14. Examination Focus
Common Exam Questions
1. MRCP / PLAB:
- Q: A 32-year-old woman with MS presents with internuclear ophthalmoplegia (INO). Where is the lesion?
- A: Medial Longitudinal Fasciculus (MLF). If the Right eye cannot adduct (look left), the lesion is in the Right MLF.
2. Neurology Rotation:
- Q: A patient on Natalizumab develops confusion, hemiparesis, and visual field defects. MRI shows non-enhancing white matter lesions. CSF PCR is positive for JC Virus. Diagnosis?
- A: Progressive Multifocal Leukoencephalopathy (PML).
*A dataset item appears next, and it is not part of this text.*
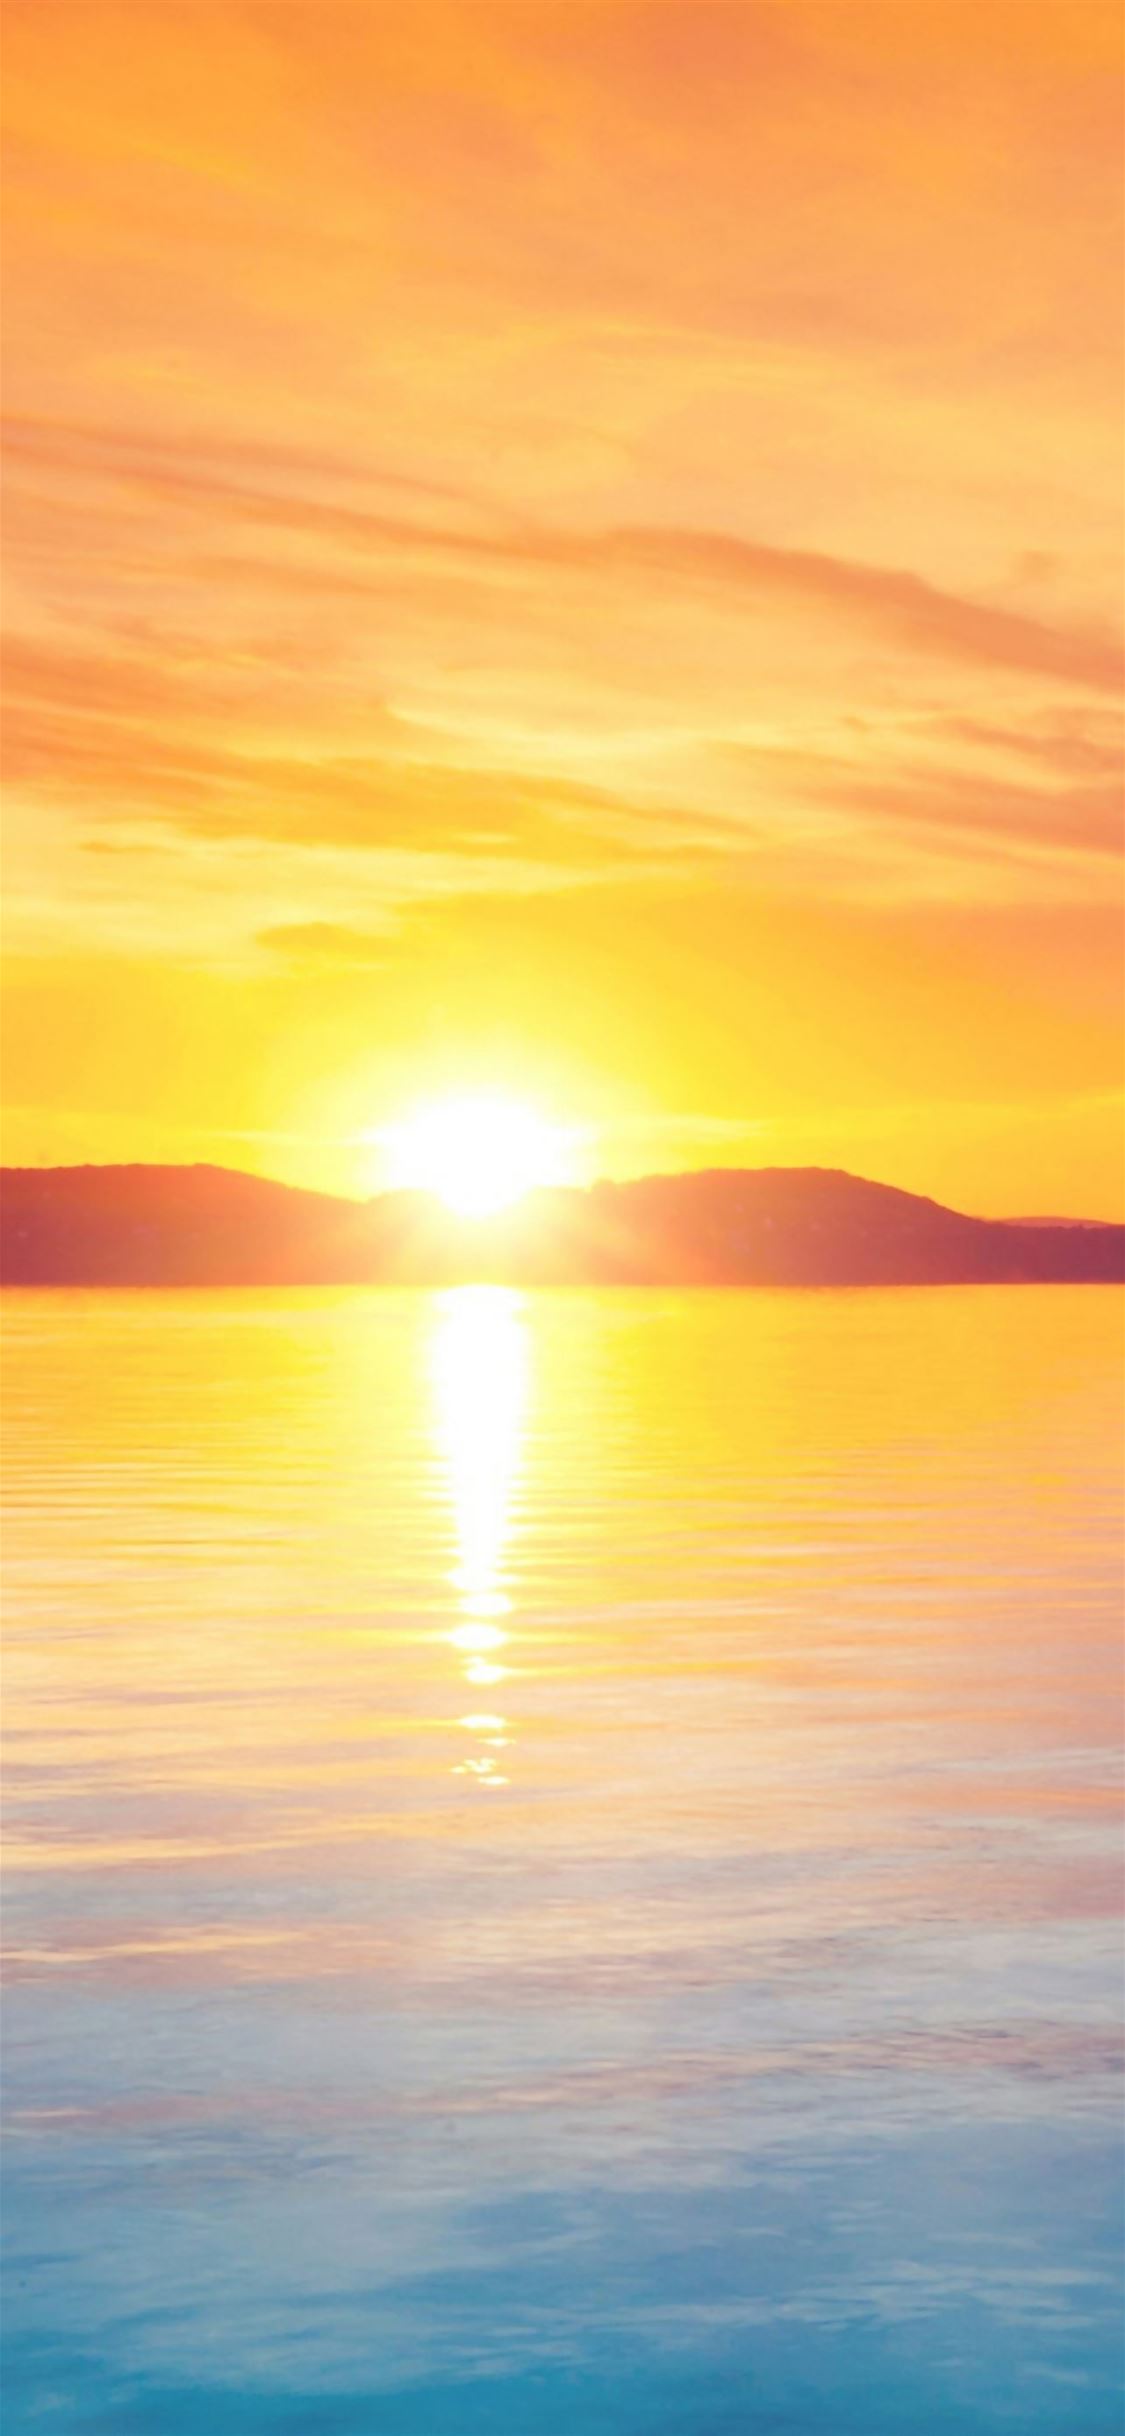 Beautiful sunrise iPhone wallpaper

Stop drug immediately. Consider Plasma Exchange.
3. General Practice:
- Q: A patient with MS complains of electric shock sensations down her back when she bends her neck forward to read. What is this sign?
- A: Lhermitte's Sign. Indicates cervical cord demyelination.
Viva Points
- "Space and Time": The mantra of diagnosis. Never diagnose MS on a single scan without clinical or radiological evidence of lesions occurring at different times (or OCBs).
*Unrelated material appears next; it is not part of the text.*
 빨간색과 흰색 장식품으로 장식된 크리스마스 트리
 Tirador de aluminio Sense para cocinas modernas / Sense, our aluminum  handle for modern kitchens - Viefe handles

- "The Pseudo-Relapse": Worsening of old symptoms due to infection/fever (Uhthoff's). Not a new relapse. Treat the UTI, don't give steroids.
- "Clinically Isolated Syndrome (CIS)": The first attack. High risk of converting to MS if MRI is abnormal (80%). Low risk if MRI normal (<20%).
Medical Disclaimer: MedVellum content is for educational purposes and clinical reference. Clinical decisions should account for individual patient circumstances. Always consult appropriate specialists.